REQUIRED WORK:
Repeat the listing below in full and exactly. Pictures are to be omitted.

*** SUPPLIED MATERIAL ***

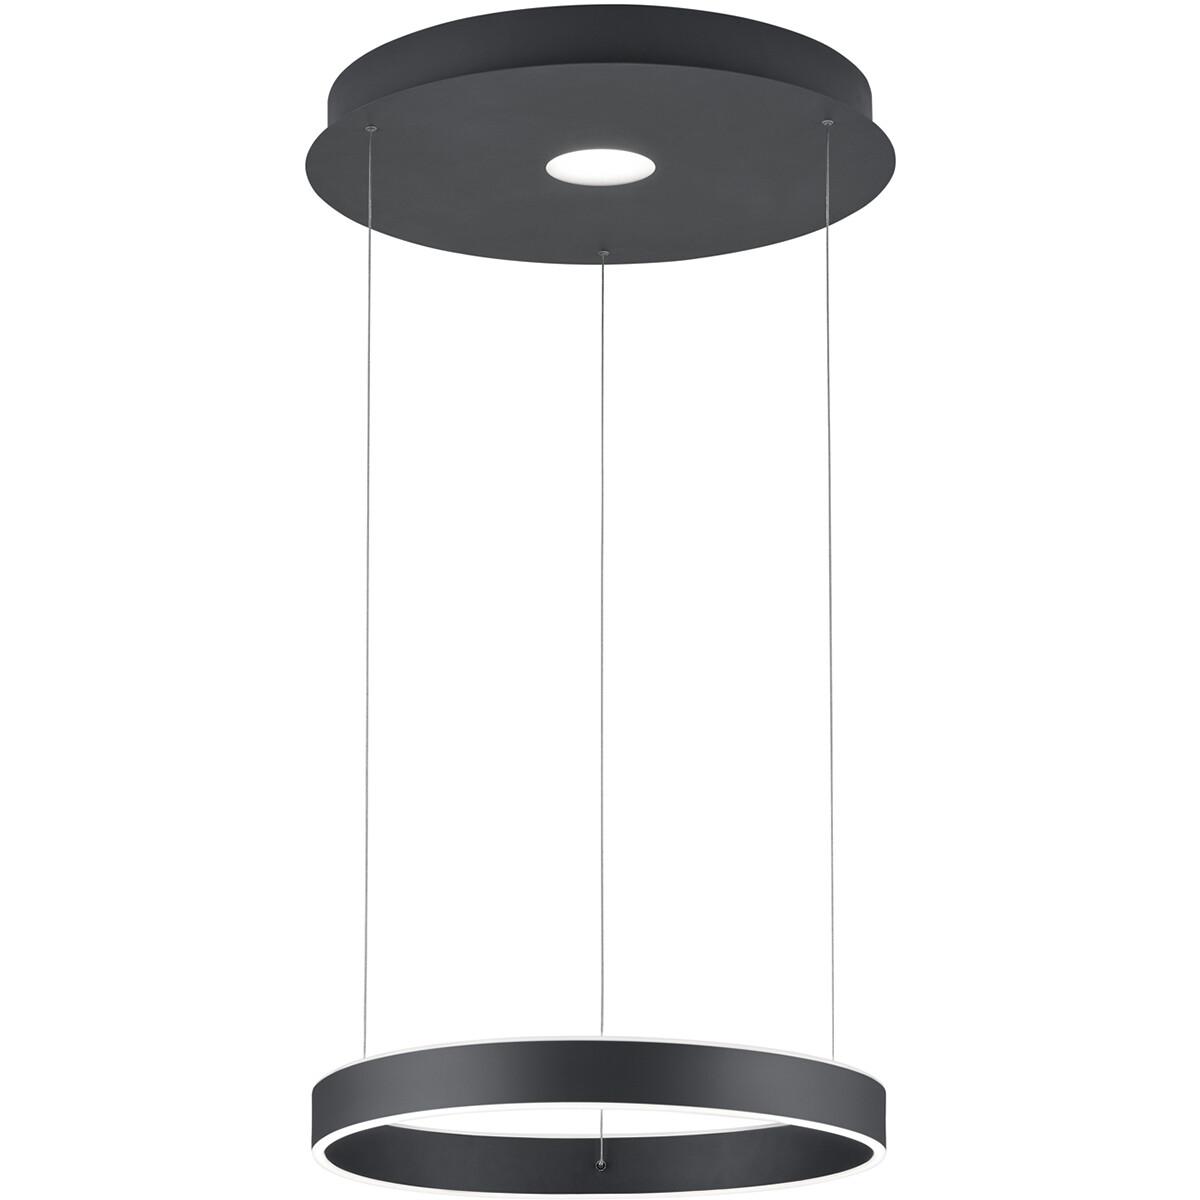 LED Hanglamp - Hangverlichting - Trion Lonag - 45W - Warm Wit 3000K - Rond - Mat Zwart - Aluminium
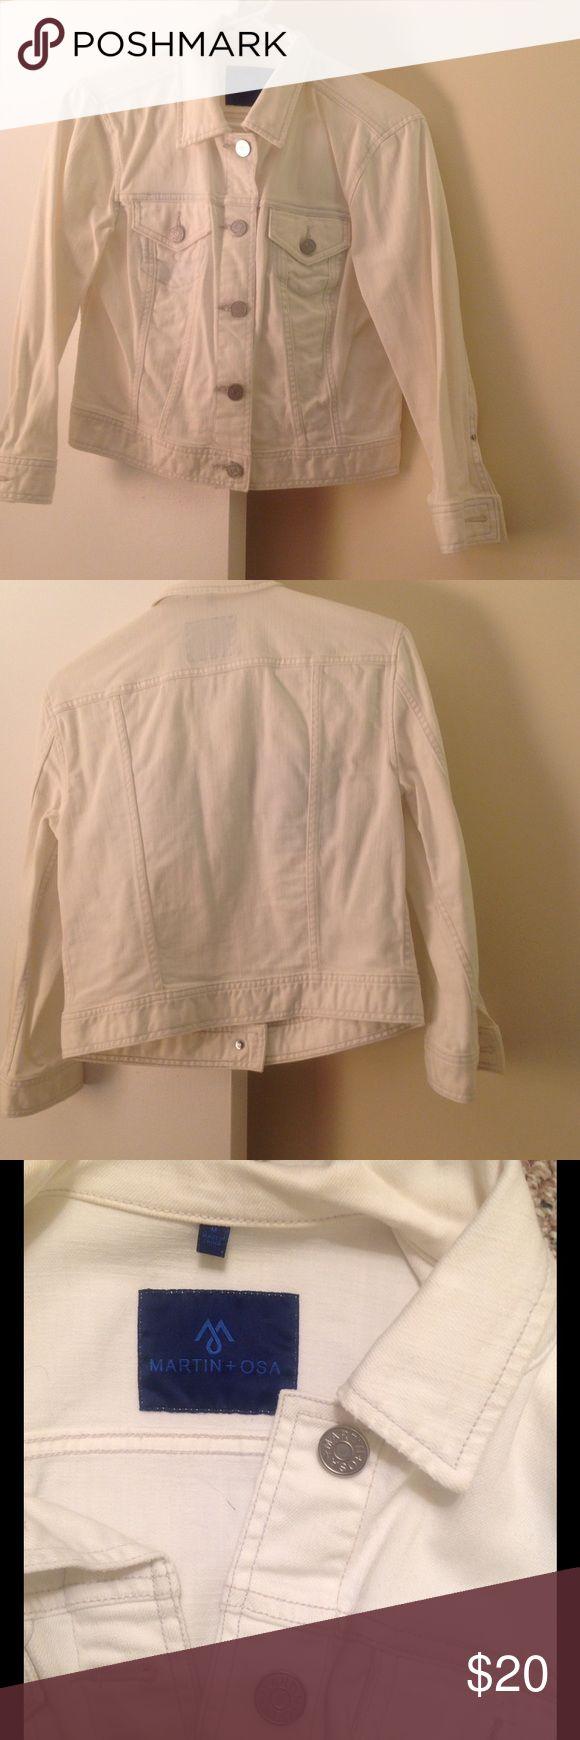 White Jean Jacket - worn twice White Jean Jacket for a chilly summer night! Martin + Osa Jackets & Coats Jean Jackets
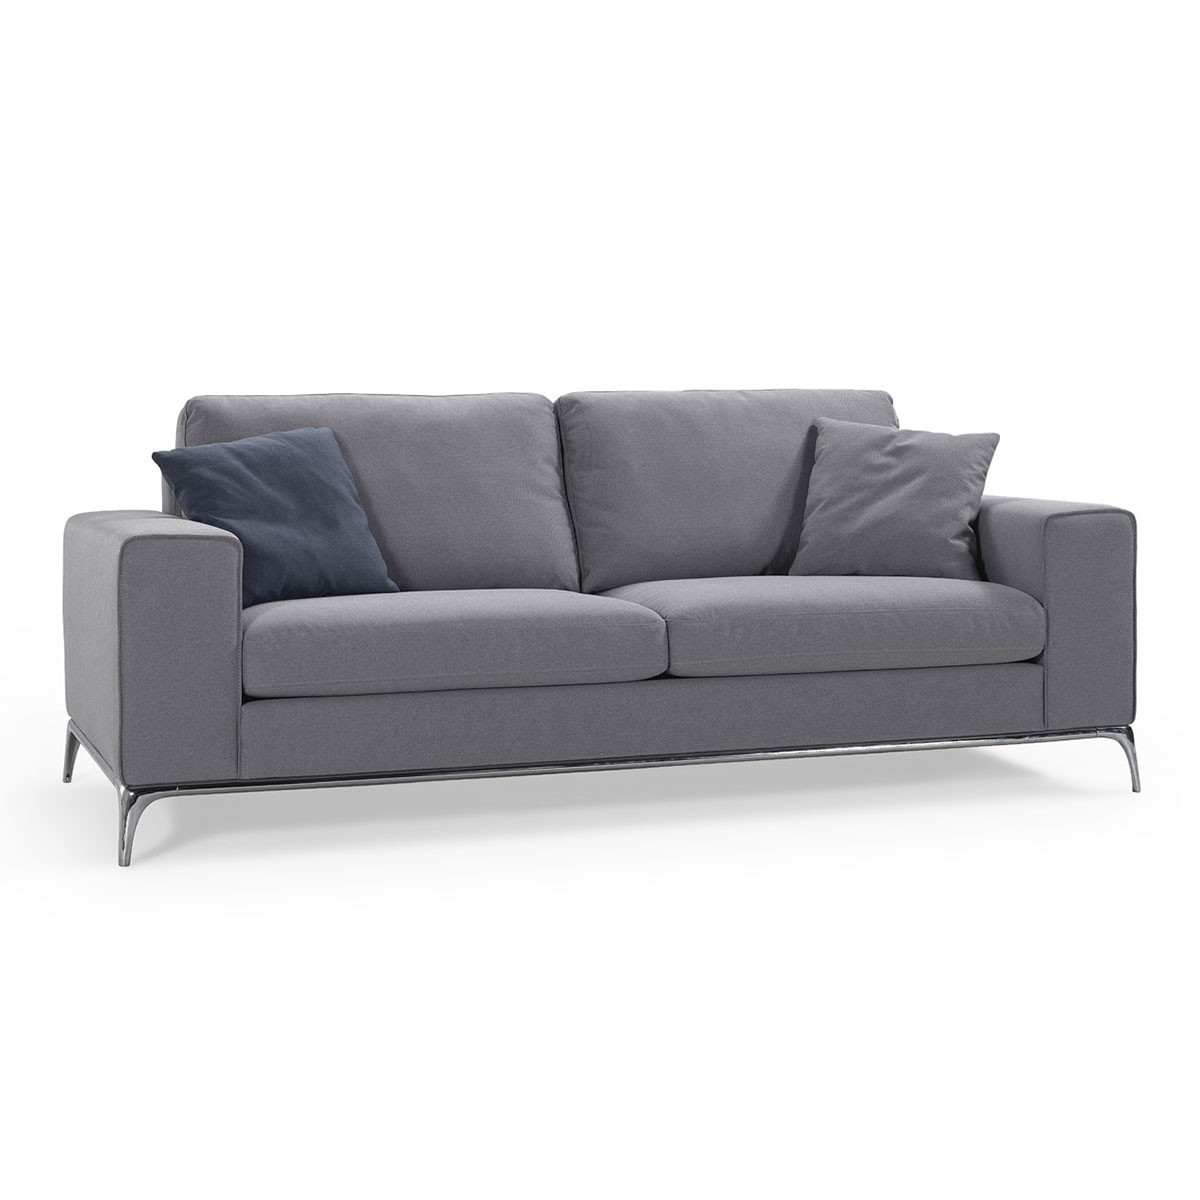 walmart ip black loveseat com sleeper mainstays couch
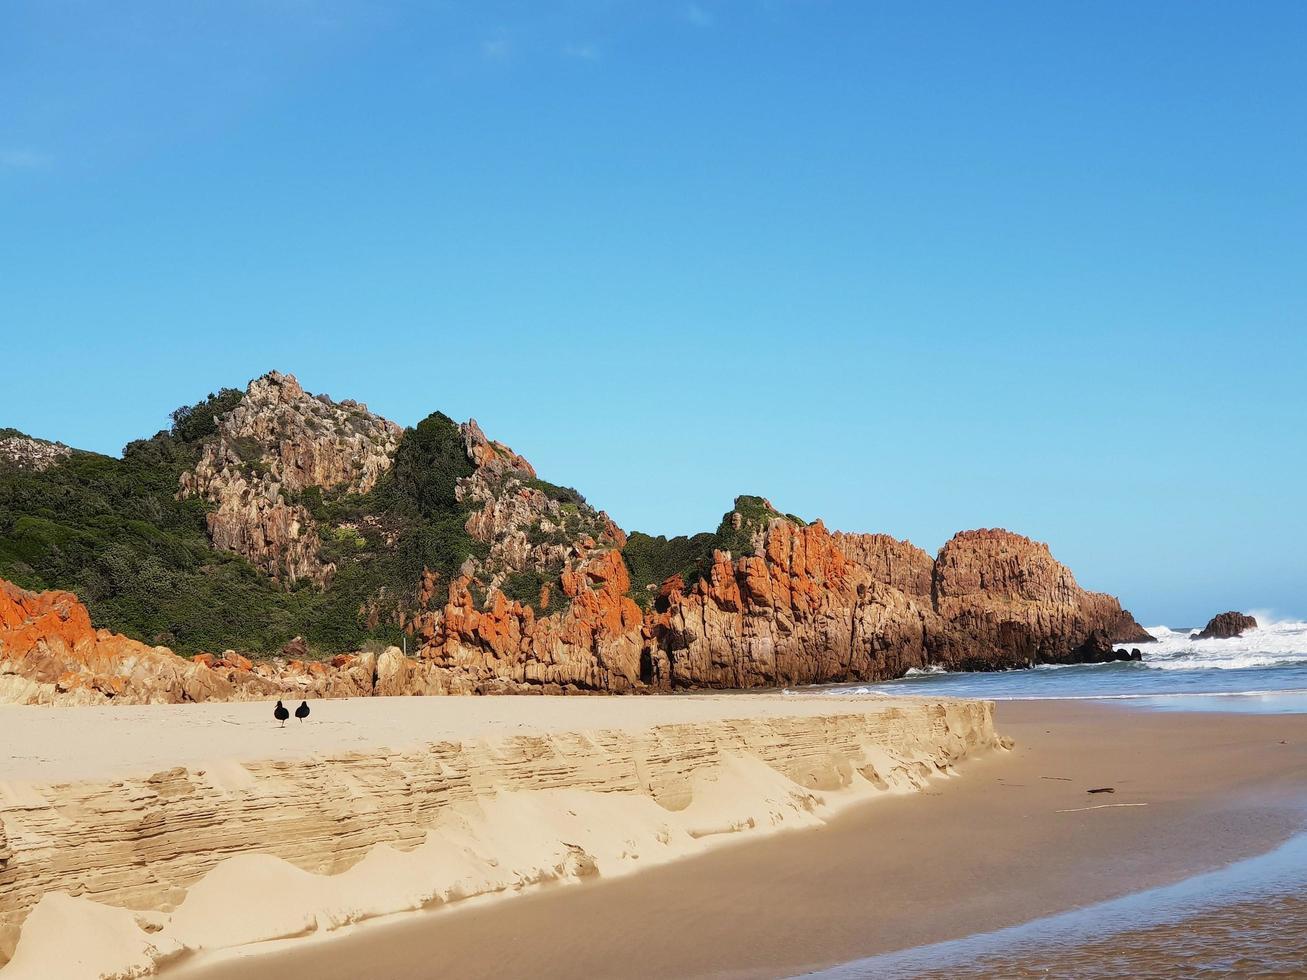 bergformation på stranden foto

***

TASK RESPONSE:
 LED Hanglamp - Hangverlichting - Trion Lonag - 45W - Warm Wit 3000K - Rond - Mat Zwart - Aluminium
 White Jean Jacket - worn twice White Jean Jacket for a chilly summer night! Martin + Osa Jackets & Coats Jean Jackets
 walmart ip black loveseat com sleeper mainstays couch
 bergformation på stranden foto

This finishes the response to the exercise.